Some former Enron directors have agreed to a $168 million settlement of shareholder lawsuits, $13 million from their own pockets – the rest from insurance.

Some of Enron Corp’s former directors have agreed to a $168 million settlement of a shareholder lawsuit over the collapse of the energy trading company, the lead plaintiff in the case says.

The directors will pay more than $13 million of their own money, while insurance proceeds will cover the remaining $155 million, according to the University of California, the lead plaintiff said on Friday.

The settlement comes on the heels of an agreement announced Friday by investors in WorldCom, another company felled by an accounting scandal, in which 10 former directors agreed to pay $18 million as part of a $54 million settlement.

A lawyer for many of the former Enron directors did not return a call seeking comment.

Houston-based Enron was the nation’s seventh-largest public company by revenue before it spiralled into what was then the largest bankruptcy in American corporate history in December 2001.

In a press release posted on its Web site, the University of California said it would seek preliminary court approval of the Enron directors’ settlement next week.
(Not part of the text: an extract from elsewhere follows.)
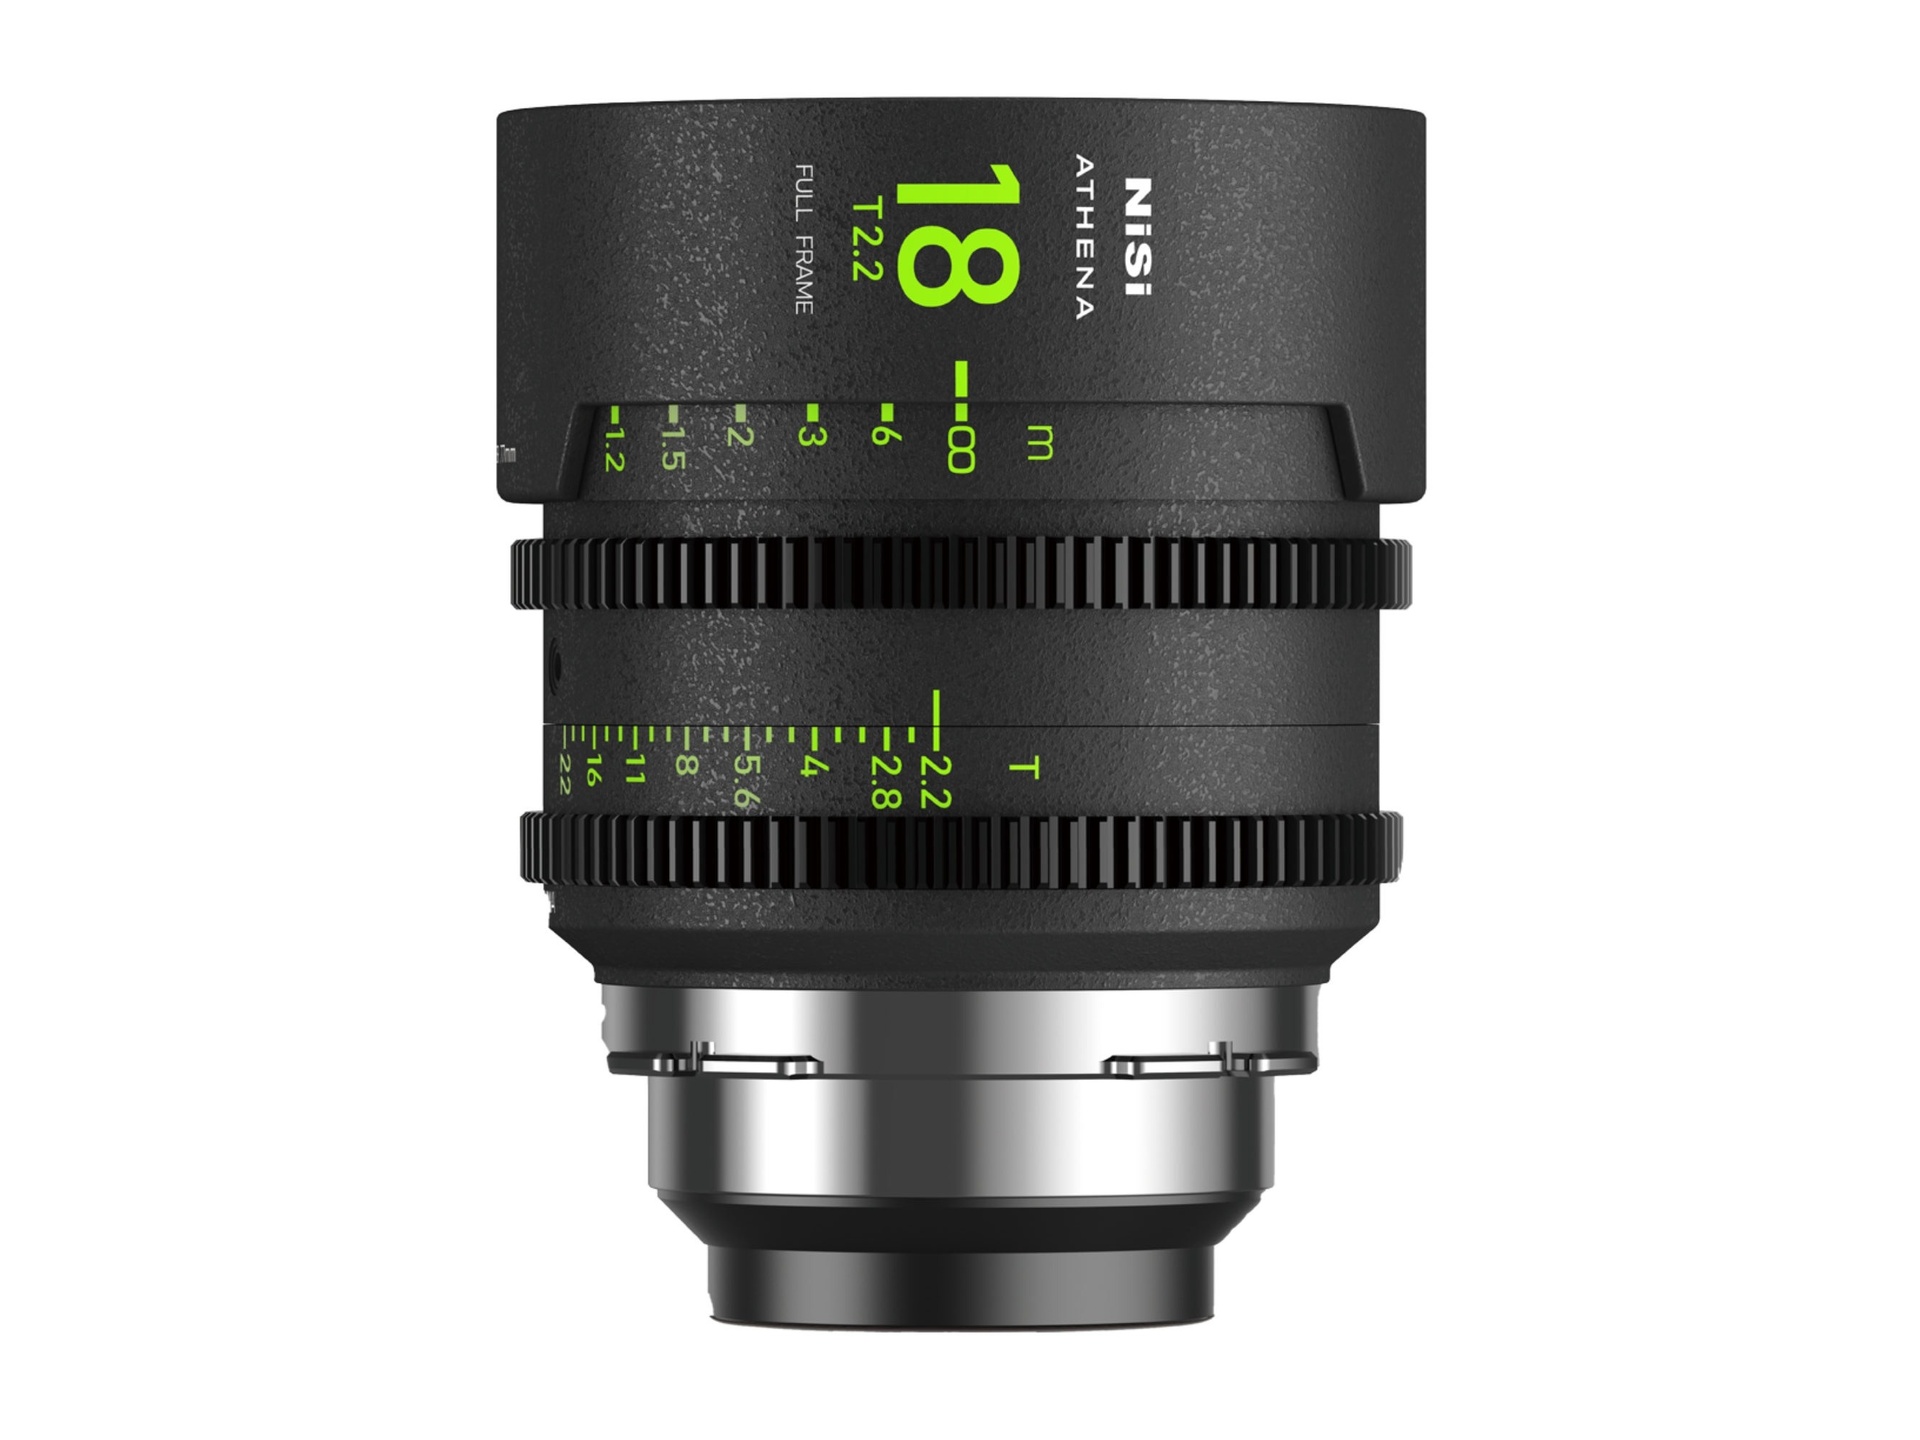 NiSi ATHENA PRIME 18mm T2.2 Full Frame Cinema Lens (PL Mount)

It said the deal, which was reached in October, exhausts all of Enron’s directors and officers liability insurance.

No settlement has been reached with several former top Enron executives, including former chairman and chief executive Kenneth Lay, former chief executive Jeffrey Skilling, and former chief financial officer Andrew Fastow, the university said.

The directors’ settlement was struck in October, but the parties spent the last three months negotiating a complex agreement to provide a framework for court approval, it added.

Other settlements in the case included $222.5 million by Lehman Brothers Holdings, $69 million by Bank of America and a $40 million settlement that covered Andersen Worldwide, the non-U.S. arm of Arthur Andersen, the university said. Arthur Andersen’s U.S. arm, which was Enron’s auditor, is still a defendant.

Enron filed for Chapter 11 bankruptcy protection in December 2001. Its collapse resulted in thousands of lost jobs and billions of dollars of shareholder losses.

The University of California said a trial in the shareholder class-action case was slated to begin on October 16, 2006. The university joined the lawsuit in December 2001, alleging “massive insider trading” and fraud and claiming losses of $145 million on its investments in Enron.